The 1954 Hague Convention for the Protection of Cultural Property in the Event of Armed Conflict has been the primary means of protecting the world’s cultural heritage. Its distinctive “Blue Shield” is attached to buildings and sites as a warning to combatants to respect those sites covered by the convention. But that is not enough.

The war in Ukraine has made our own conclusion at the end of this volume even clearer: it is now essential to lay the foundations of an independent international consortium of art museums, cultural institutions, universities, intergovernmental and nongovernmental organizations, and government agencies—including, for instance, the US Departments of State and Defense—to raise consciousness about the vulnerability of tangible cultural heritage and those who work to preserve it. Such a consortium would be modeled on the World War II Monuments Men—military and civilian personnel who worked to safeguard and, in some cases, rescue cultural heritage.

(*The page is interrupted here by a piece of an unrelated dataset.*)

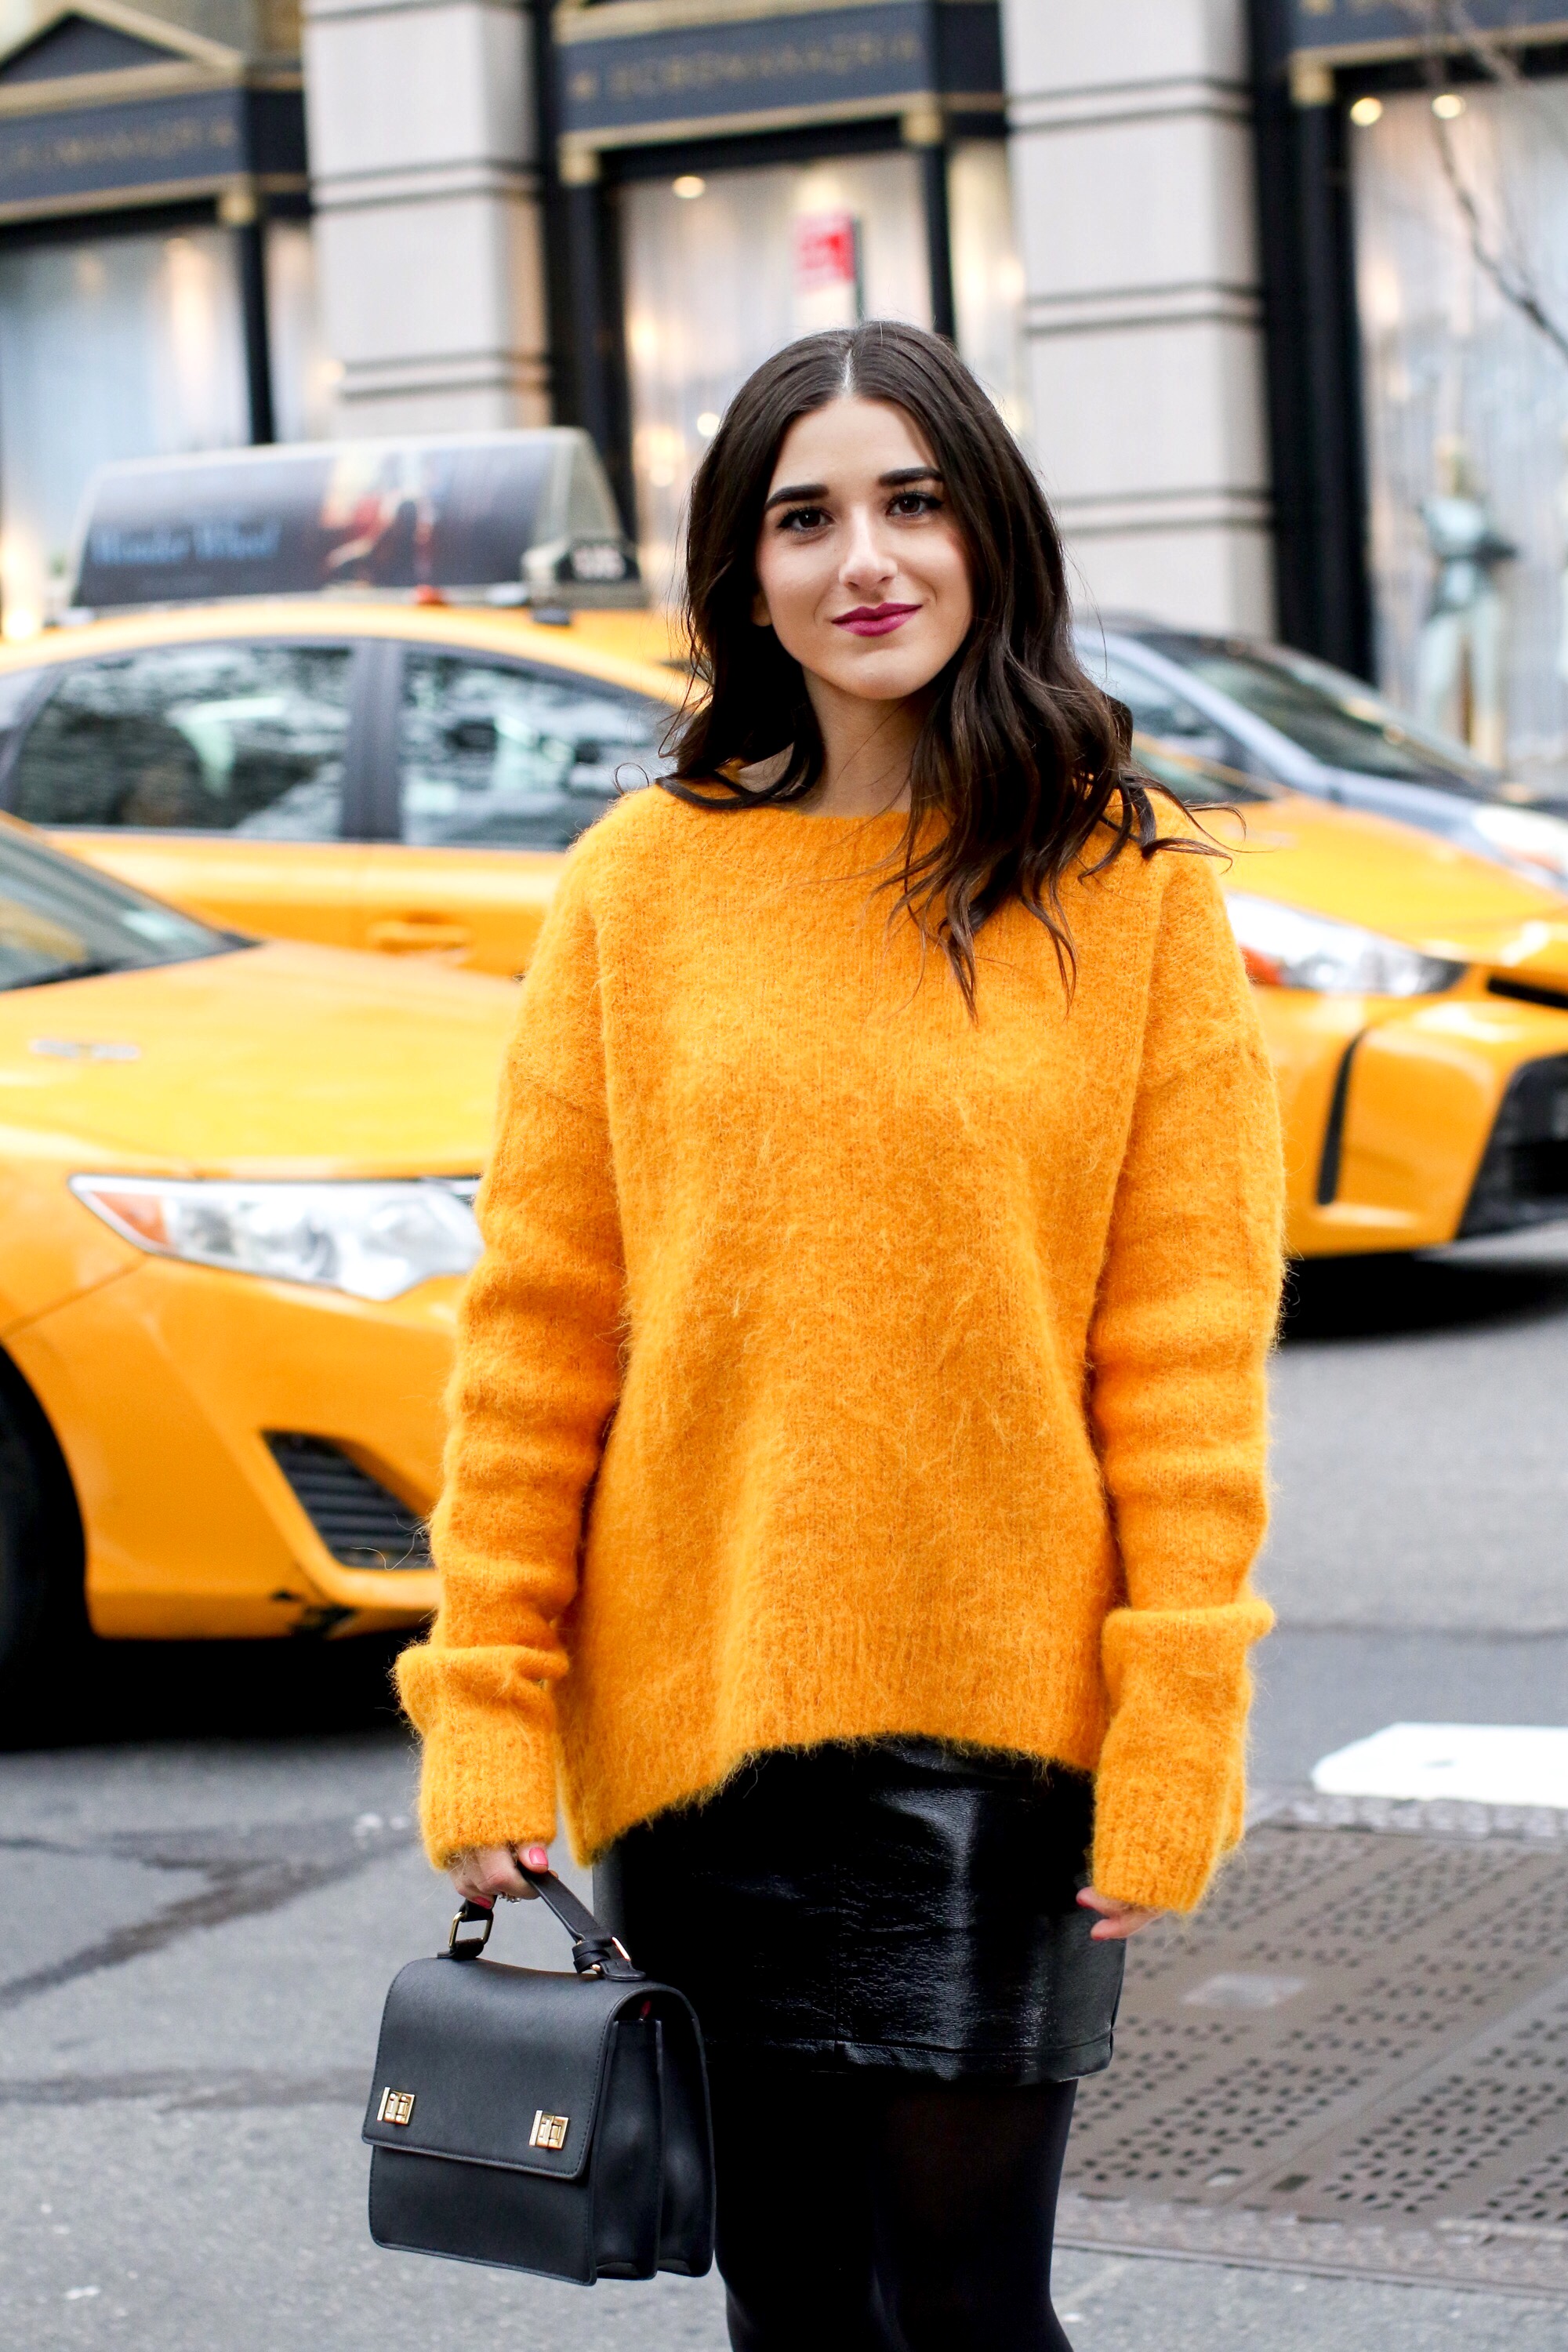 Yellow Sweater Pleather Skirt Why You Should Think Before You Unfollow Esther Santer Fashion Blog NYC Street Style Blogger Outfit OOTD Trendy Cozy Winter Look Girl Women Oversized Top New York City  Instagram Tips DSW Studded Boots H&M Topshop Details.jpg

The consortium’s mission would be twofold. The first part would be to ensure the enforcement of public international law vigorously and across the board. Since the entry into force of the Rome Statute in 2002, the International Criminal Court in The Hague has successfully prosecuted the destruction of cultural heritage as a war crime. It convicted Ahmad al-Faqi al-Mahdi for destroying, in 2012, nine mausoleums and a mosque at one world heritage site. But the unprecedented scale of destruction in Ukraine poses significant challenges in terms of evidence gathering, documentation, and the like. Without the assistance of an outside entity such as the consortium we propose, there’s the danger that many of these crimes could go unpunished. This cannot be allowed to happen.

The second part would involve dedicated military personnel. Their mandate would be similar to that of the North Atlantic Treaty Organization’s (NATO) personnel in Kosovo and the UN’s forces in Mali. In addition to safeguarding humans and fostering rebuilding, peacekeepers in these locations protected cultural heritage. Such efforts can constitute a “force multiplier” by removing hazards, suppressing looting, and deterring politically motivated attacks. In fact, NATO insiders speak increasingly of the “security-heritage nexus.”

The international entity for the protection of cultural heritage and museum professionals that we envision would help mitigate the grave threats to cultural heritage in conflict zones. At present, officials in both the private and public sectors are expressing concern, and museums and other entities in the United States and elsewhere are working with their Ukrainian counterparts on these issues. But the network is loose-knit and ill-prepared at best. This consortium would mobilize and foster cooperation among the various actors tasked to protect cultural heritage in political crises with significant humanitarian dimensions similar to those in Ukraine. While the temporary relocation of cultural objects remains fraught, the protection of trained and knowledgeable local cultural custodians is less so. Aided by an established network of organizations to assist with documentation, travel, and placement, cultural heritage workers could continue to carry out their duties with temporarily stored treasures, even while displaced.

It is worth repeating a quote found in our introduction from the nineteenth-century German poet Heinrich Heine, words also employed by Raphael Lemkin, the proponent of the term “cultural genocide”: “First they burn the books, then they burn the bodies.” The war crime of destroying cultural heritage is yet another reason to oppose Russian recolonization. It is also the reason why the analyses and recommendations in the pages that follow make for even more essential reading now than when we finalized them.